[WHAT YOU WILL DO]:
Only an exact repeat of the listing, without its images, counts as the answer.

[DATA SHOWN]:
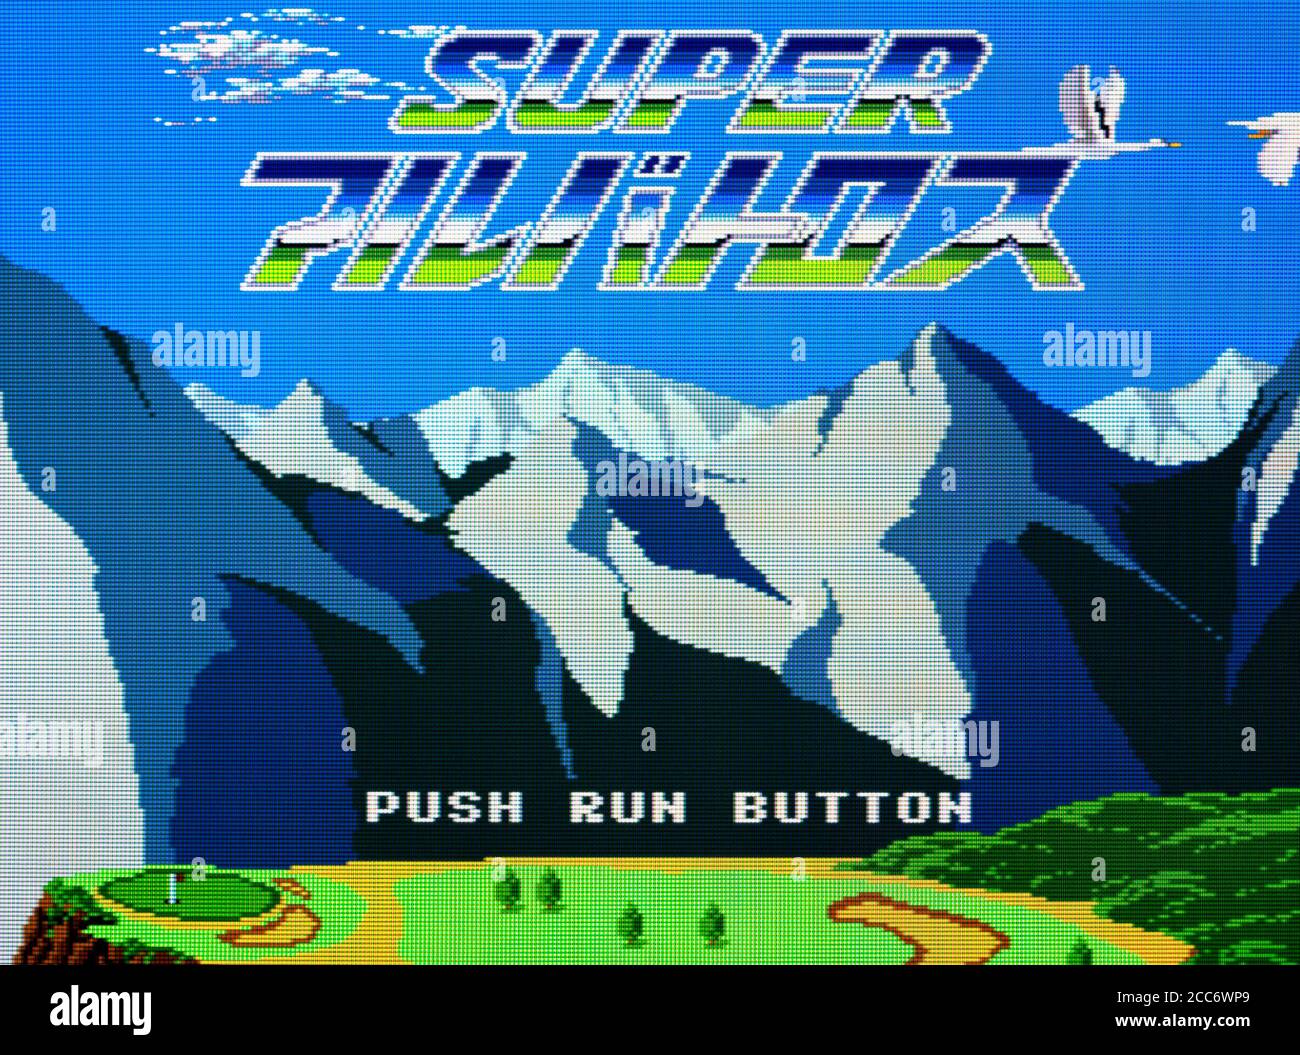 Super Albatros - PC Engine CD Videogame - Editorial use only Stock Photo
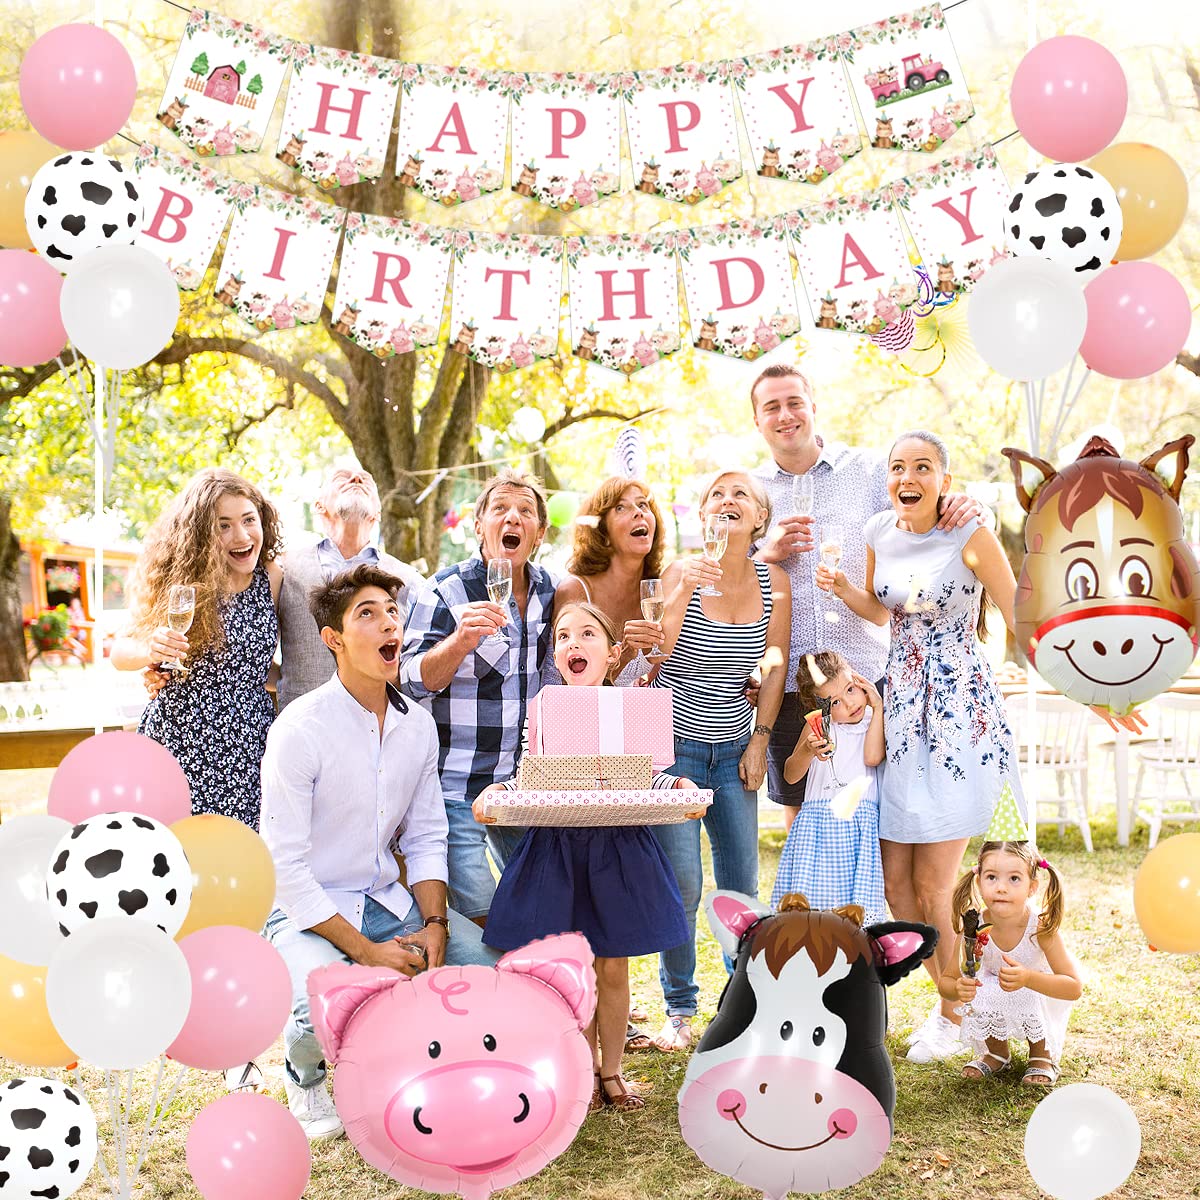 Pink Farm Animals Birthday Decorations for Girls Farmhouse Floral Theme Happy Birthday Banner Cow Pig Donkey Balloons Hanging Swirls Cake Cupcake Toppers for Kids Barnyard Theme Bday Party Supplies
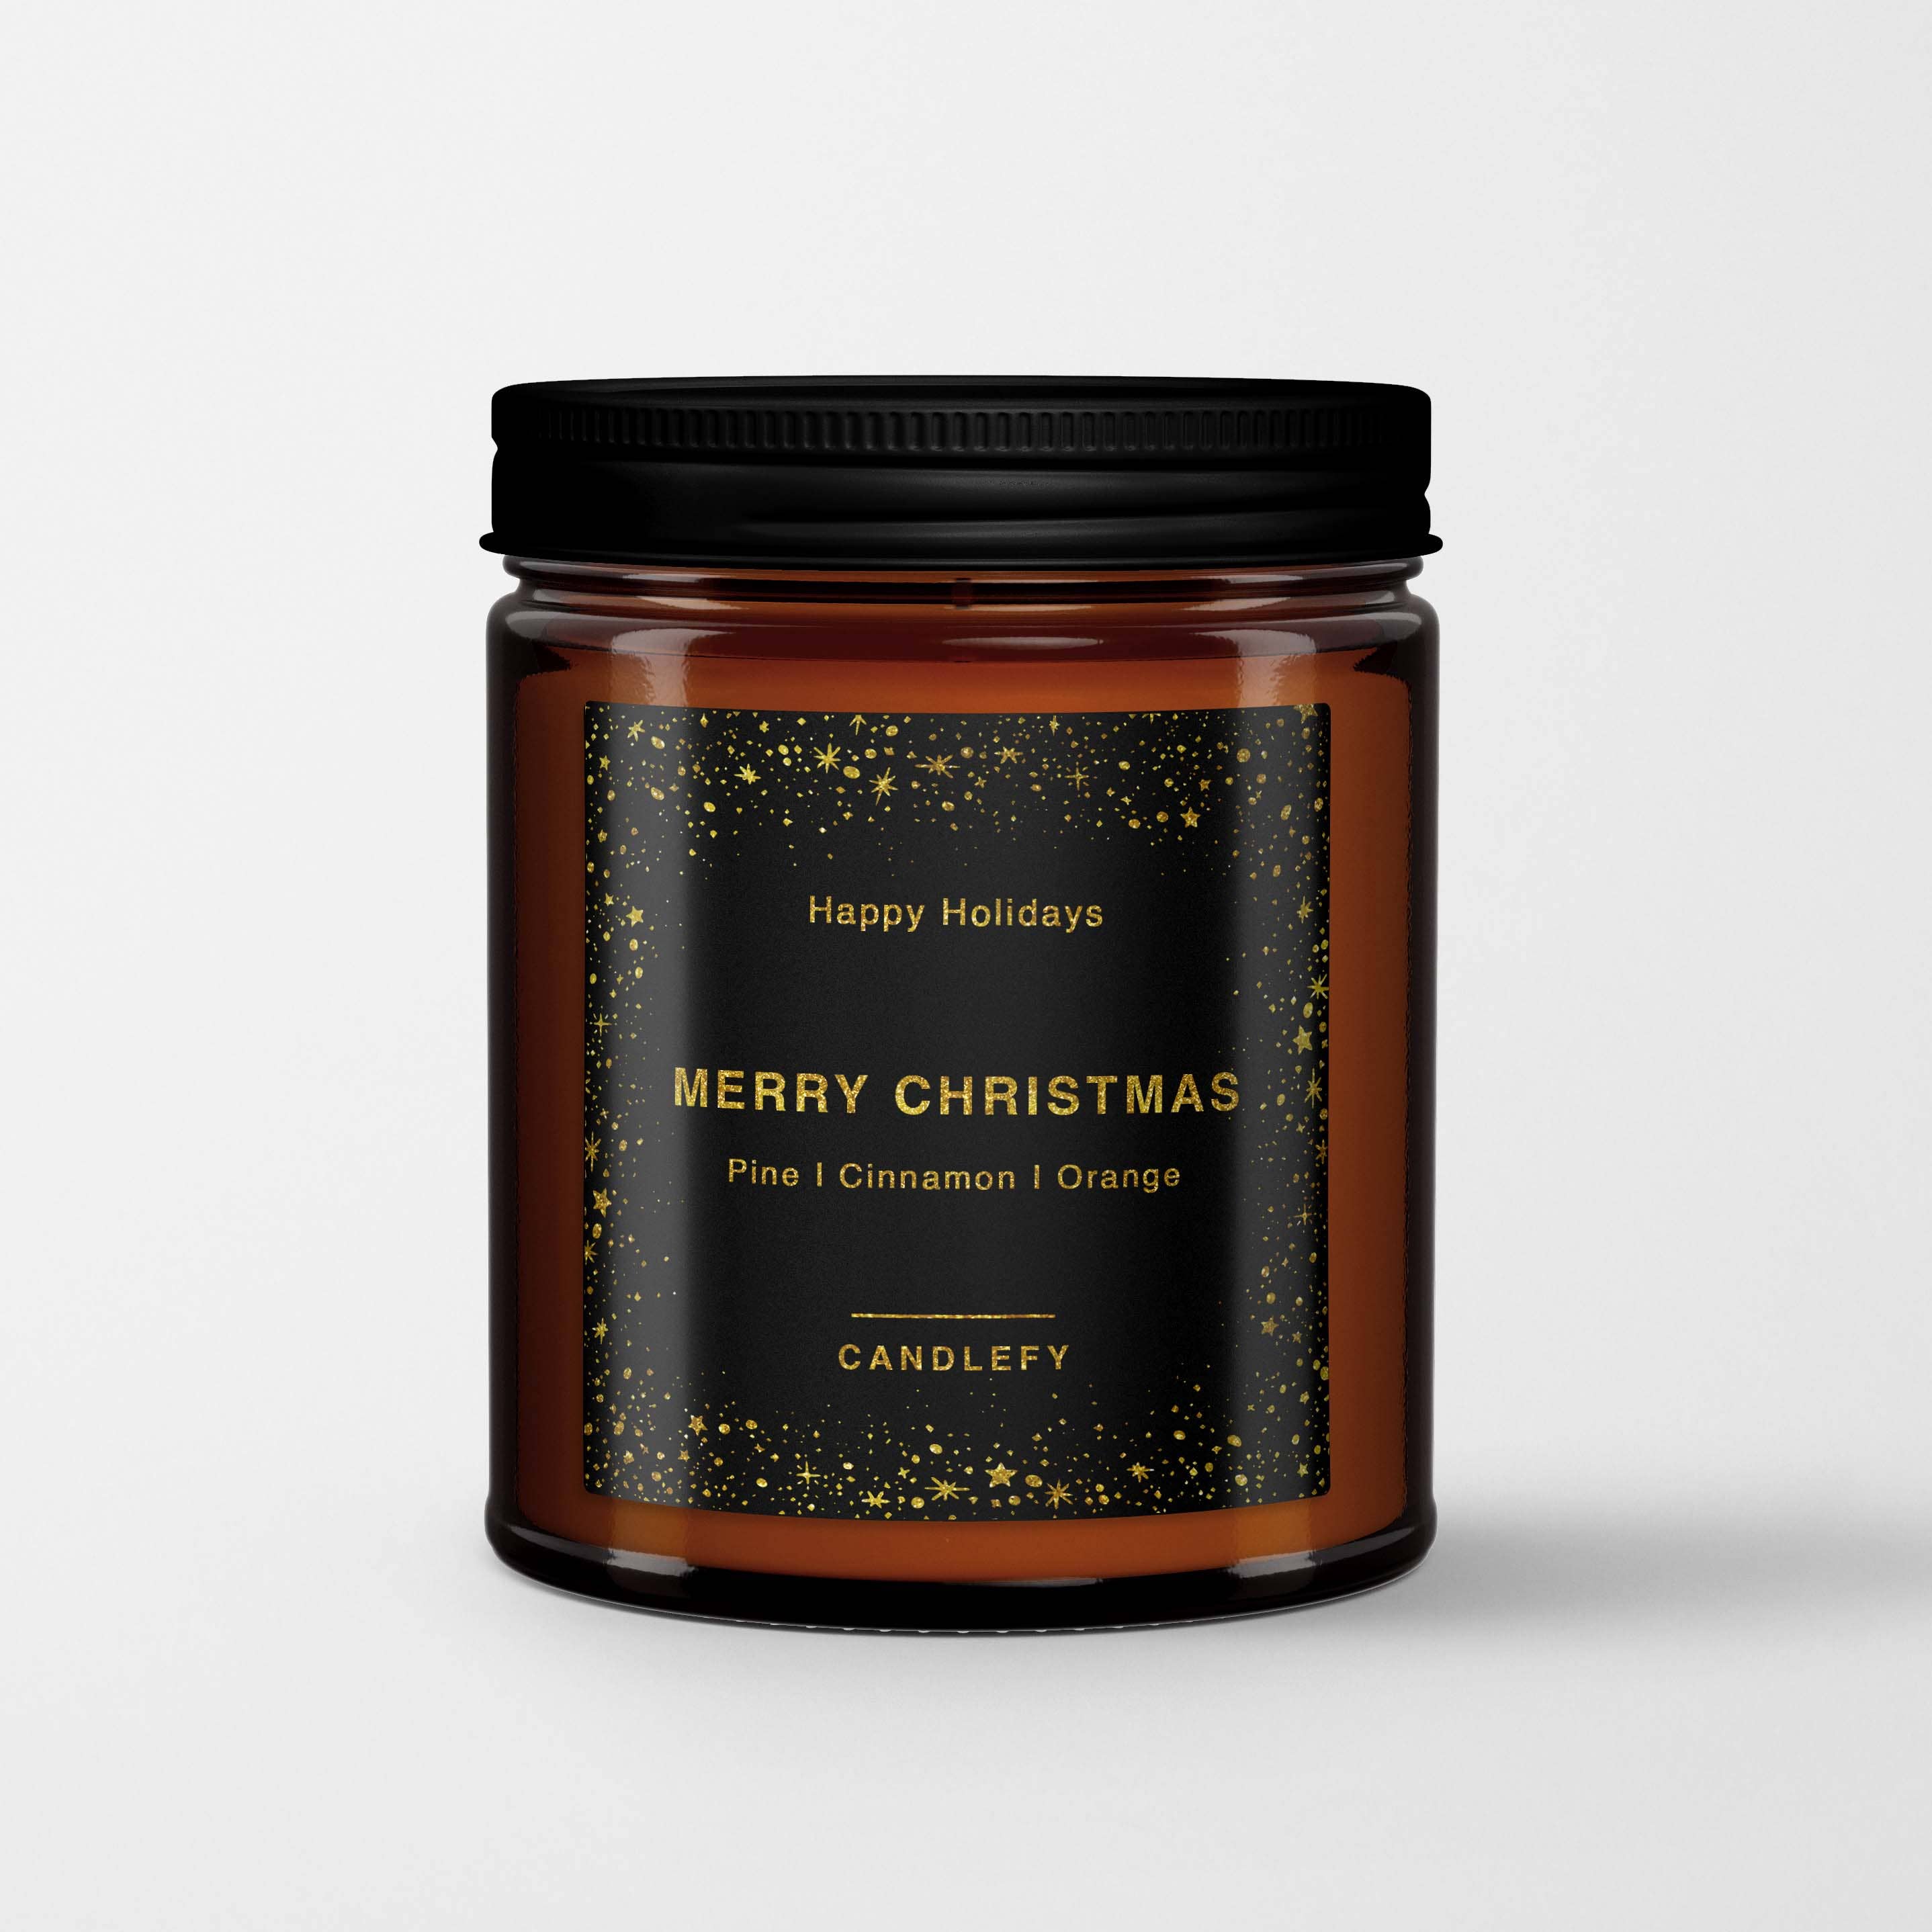 Merry Christmas Candlefy candle

[EXPECTED ANSWER]:
 Super Albatros - PC Engine CD Videogame - Editorial use only Stock Photo
 Pink Farm Animals Birthday Decorations for Girls Farmhouse Floral Theme Happy Birthday Banner Cow Pig Donkey Balloons Hanging Swirls Cake Cupcake Toppers for Kids Barnyard Theme Bday Party Supplies
 Merry Christmas Candlefy candle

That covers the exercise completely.